Thursday, June 25, 2009

A Series of Unfortunate Hair Decisions





A few months before my return to Texas, I was planning an ambush on my hair.

I have extremely straight hair, which resists existing in any other form. My stylist and I had been waging a war, trying to get it to hold even a hint of curl. We were running out of options, and still my tresses laughed in our faces.

I was really looking forward to the next 2 months, because it was going to be a whirlwind: a Maui trip, John and Amber visiting, a family wedding, a road trip with my sis, and then finally, another wedding of one of my favorite people from high school. Fun! With the high volume of pictures I was sure to be in, I wanted to look nice. What? Just because I regularly post pictures in which I haven't taken a shower in 2 days doesn't mean I'm not completely void of vanity.


So, one day as I was getting my bangs cut, I was flipping through a hair magazine and noticed that there was this treatment you could get that gave you nice, big curls. I brought it to Aya's attention.

'Oh, you mean a perm?'


Now, the world perm is pretty scary. I immediately conjured up images of frizzy side ponytails, neon colors, and leg warmers. That is not what I wanted. However, Aya assured me that they'd come a long way from the 80s, and we could do a test on a strip of my hair to see if it would take.


Why not? I had visions of myself meeting family with this fabulously curly mane of hair.


So, the test went well, and we made a date - May 2nd I went under the solution.


First, Aya thought it would be best to cut my hair much shorter, so the curls wouldn't be weighed down. I reluctantly agreed. It was all for a good cause, right?


It took for freaking ever. 3 1/2 hours. The things we do to look good.

When it was finally over, she turned me around in the chair to look at myself, and my eyes eagerly met....







A blast from the past. I felt the need to go out and buy leg warmers and listen to Michael Jackson. I love Aya, and she was so proud of herself, so I managed not to cry until I got to my house. Thank you Lord, David was not home yet. I couldn't tear myself away from the mirror, staring in some kind of fascinated horror. What was happening on my head?!


At the time, there was a song being played non-stop in Hawaii. I don't know what it's called, but whenever I turned on the radio I would hear, 'p-p-p-poker face, p-p-poker face' which is about how long it took me to change the channel. Now, my brain had lovingly changed it to 'p-p-p-poodle head, p-p-poodle head', and put it on repeat. I was distraught. I could not be seen like this! So, in desperation, I jumped into the shower. Perms nowadays aren't supposed to wash out, but I was hoping for faulty technology. I scrubbed the crap out of my head.

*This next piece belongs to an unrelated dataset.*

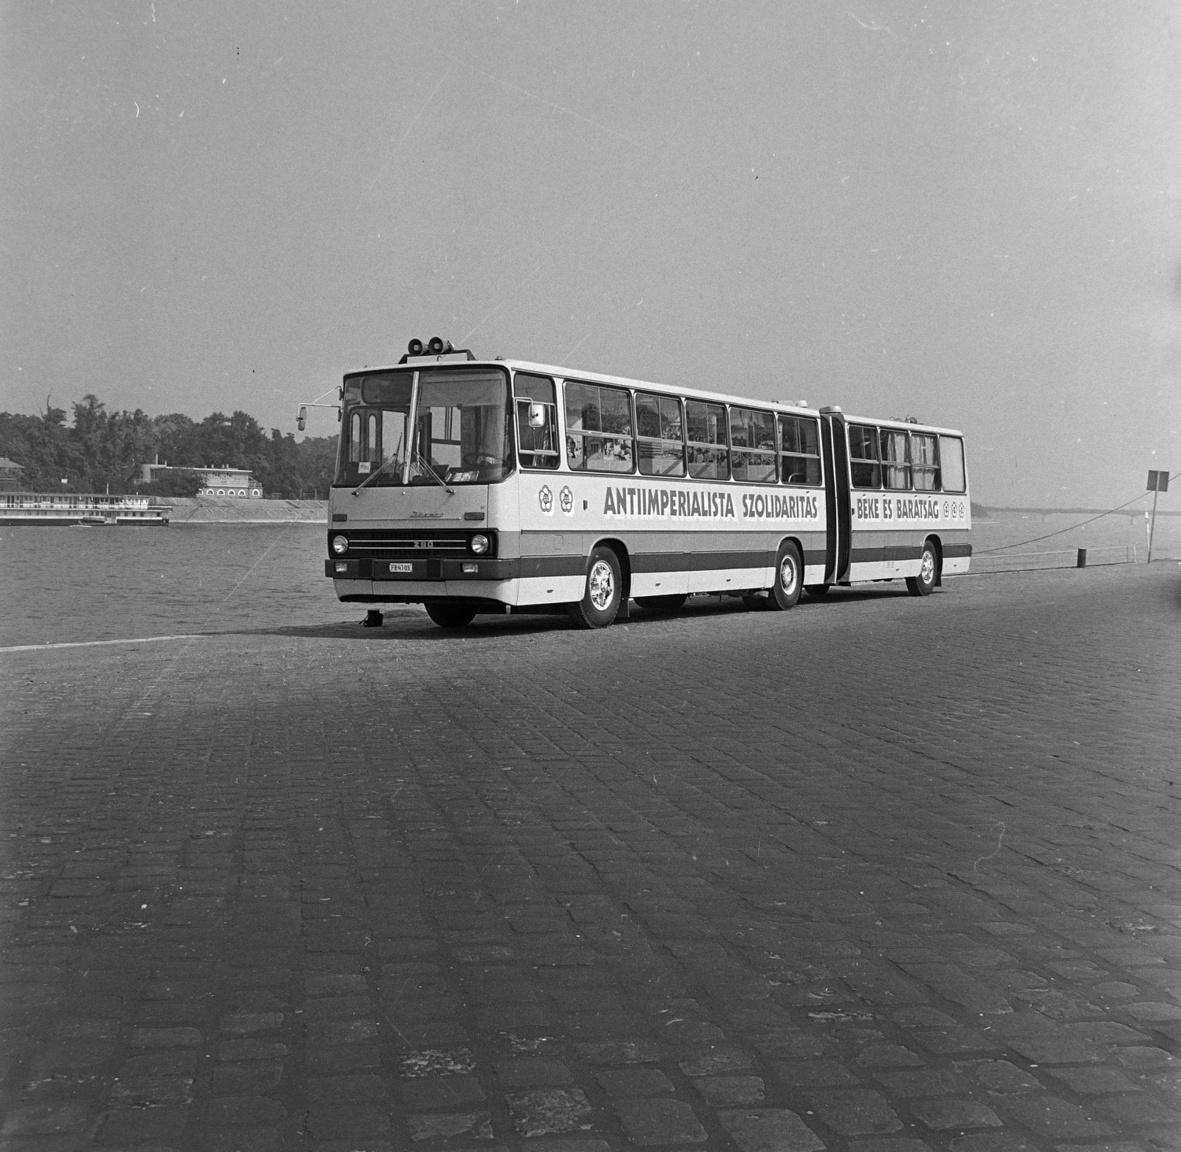 Majdnem hibátlan– A magyar buszgyártás legszebb órái kezdődhetnek azzal a német buszexporttal, aminek prototípusát most mutathatjuk be – mondta Kardán Ottó, külgazdasági államtitkár. – A nyugatnémet utazóközönség bizonyára irigykedve nézi, milyen minőségű munkára képes a szabad, virágzó, kommunista Magyarország!– Nyugatnémet? Nem az NDK-s elvtársak békeharcát segítik a buszaink? – kérdezte meglepve Mérleg Ede, az Ikarus vezérigazgató-helyettese.– Nem. Valóban Berlinből jött a megrendelés, de a nyugati, megszállt zónából, és nem a szovjet elvtársak által segített keletiből érkezett a megrendelés. De van ennek jelentősége?– Nem, semmi komoly. Egyetlen apró változtatás kell csak a bemutató előtt – mondta Mérleg, és már emelte is a telefont.

Which, in the end, left me with 1/2 poodle, 1/2 straight. Random sections of my hair would be straight, and others would be trying to imitate a curl. It turned out to be really curly in the back, which was random.

I went back to Aya the next day, and she offered to re-perm my hair. I politely declined.

In the end, I had to spend 30 minutes each morning trying to get my hair to look exactly like it did before I paid someone lots of money to pour chemicals on my head. And it was much shorter than I preferred. You can't tell now, but I really wish I had the foresight to take a picture when it was first permed.

I think I am officially done with perms. I don't care what 'technological advances' are made.


You can keep your leg warmers.

1 comment:

Amy said...

Why no pictures? Come on you know you love to embarass yourself!!